A short autobiography after the fashion of Nicholson Baker's "U & I" and Frederick Exley's "A Fan's Notes."

My life so far as lived in the shadow of, with the gift of Elliott Smith and his work.

Elliott as excuse for, trigger of retrospection, introspection.

A stranger as constant echo and friend of/in the imagination.

NOT a biography of Elliott Smith. A biography of me, but with a soundtrack.

Friday, May 11, 2007

The Sequel.

A sequel to The Truman Show.

Truman has 'escaped' from the dome that housed the television show that secretly broadcast his every move.

Since then, The Truman Show morphed to show Truman's troubles adapting to the real world of contemporary Los Angeles--simply called The Truman Show: The Sequel.

No longer a cause celebre, his relationship to his long-time secret crush, an activist dedicated to rescuing him, has foundered. Truman tried to help her with other causes--saving baby seals, blowing up SUV dealerships--but everything went rather pathetically (and comically) wrong.
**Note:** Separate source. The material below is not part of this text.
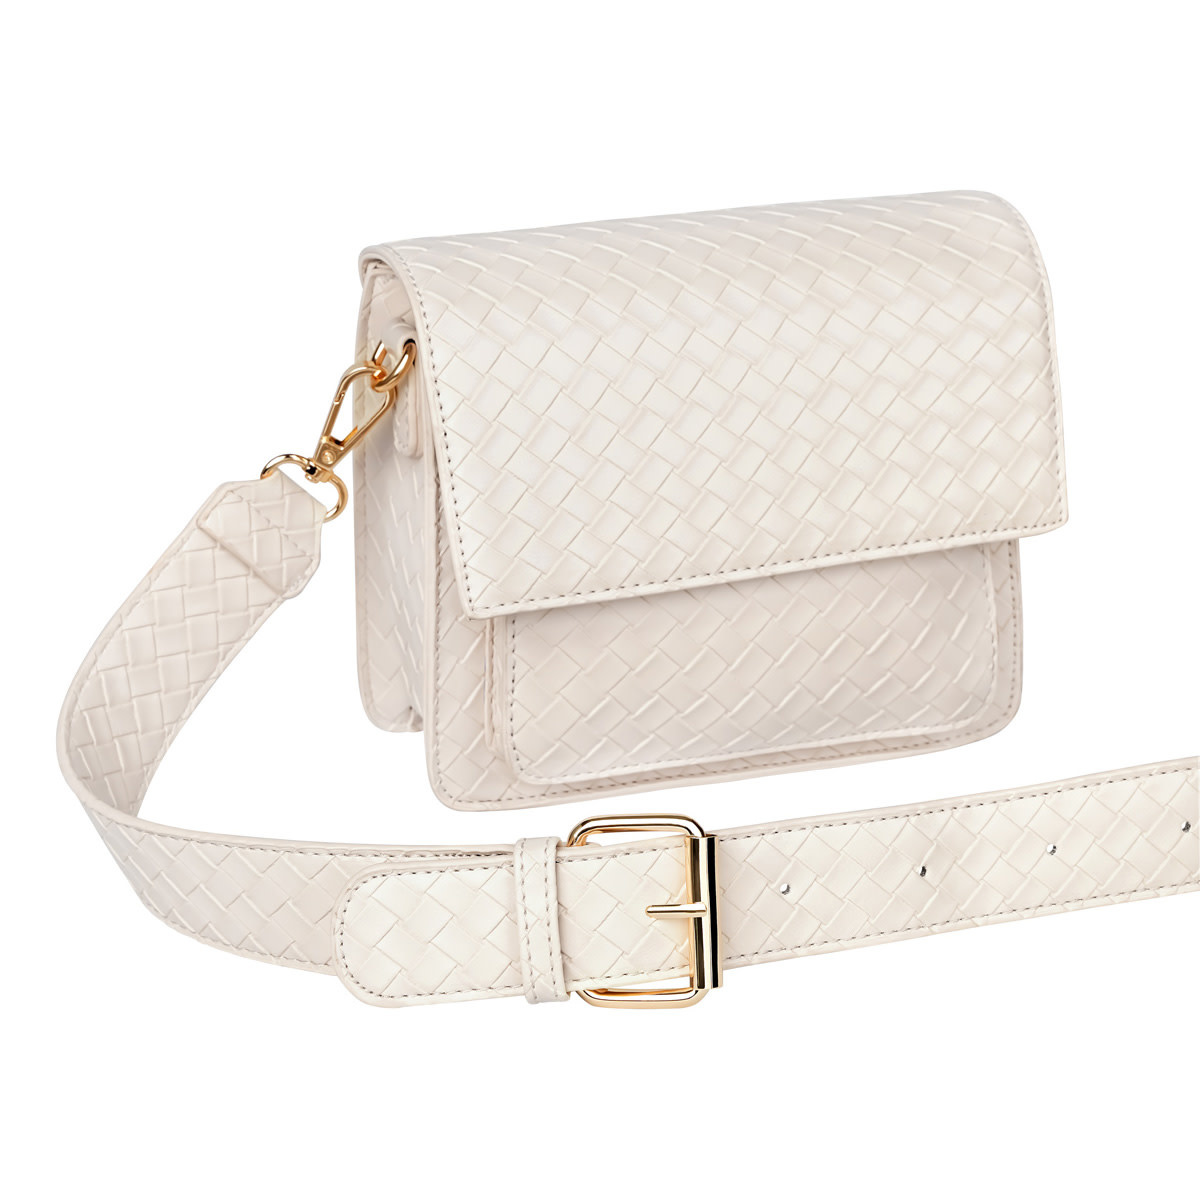 With love Bag braided  Cream 18cm x 15cm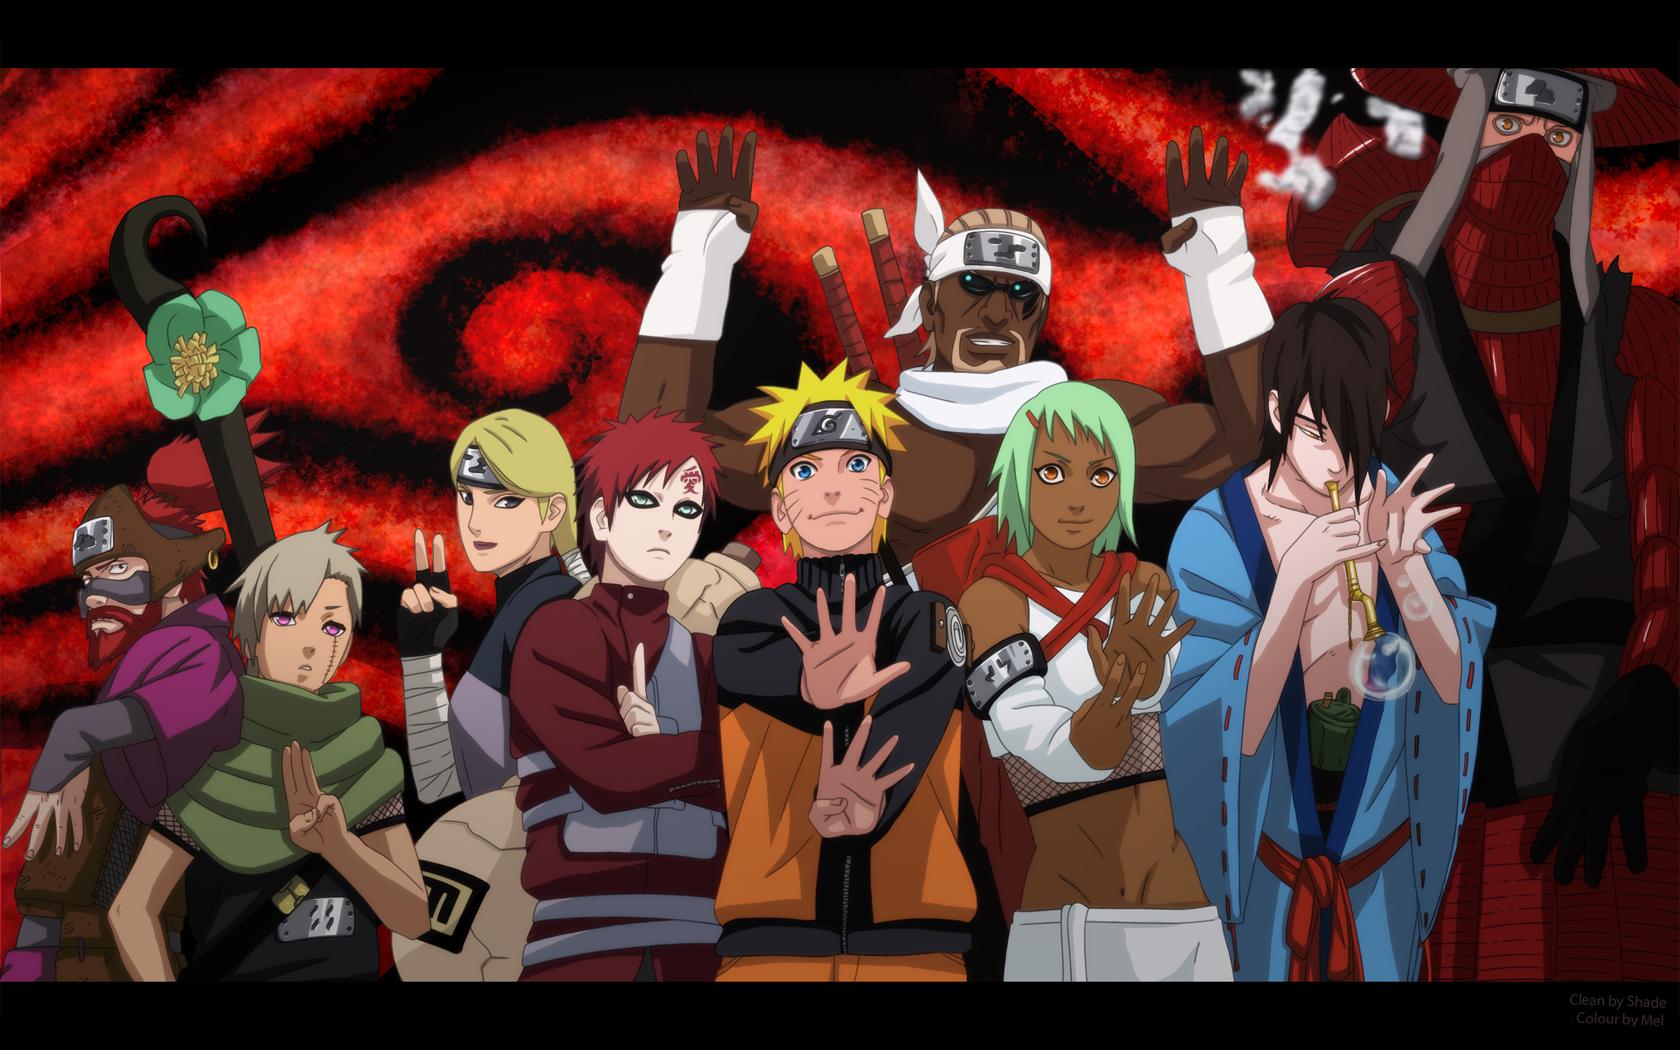 Top Wallpaper Naruto Original - Download-Wallpapers-Naruto-Shippuden-061  Trends_986920.jpg

Now The Sequel, as it came to be called, has been canceled.

Truman must find a job and survive in contemporary Los Angeles.

Everywhere he goes, he meets actors and technicians thrown out of work by the cancellation of the massive enterprise that was documenting his life. Before, everyone loved him. Now, everyone hates him in advance of anything he says or does.

This is the not-so-pretty life that does not take place in a small town, but everyone still knows your name.

Truman can't do anything requiring real knowledge, since it turns out that most of the science and other knowledge taught to him inside the dome was jerry-rigged and made-up just to keep him inside. The actual knowledge of the world as it is puzzles and terrifies him. ("We did what to the native Americans?")

Truman tries an acting career, since it's something that he knows, but he's no good at it. He can't act when he knows he's acting. (He's a true naif.)

What ever will become of Truman Burbank?

That is the question for which life does not prepare us.

--Edward R. O'Neill

Monday, May 7, 2007

The Dreamers

A genius dropout who works in a 24-hour market develops insomnia because of his schedule.

He just can't sleep.

Random strangers seem oddly interested in helping him sleep.

The fitful bits of sleep he gets resound with strange dreams.

He pieces together the pieces and realizes the truth.

A secret agency has invaded our dreams.

When we fall asleep, our brain's power to dream is being used as a distributed supercomputer. A single brain's power outstrips that of the fastest supercomputer, so this agency is using all our brains together.

Seemingly innocuous TV shows and advertisements program us with the information we need to process while we sleep.

Electrical circuits in everyday appliances--like cell phones--monitor our dreams and upload the results to the secret intelligence agency.

Our clerk hero has to find out who's behind it, what it's for, and, if need be, to smash the whole operation.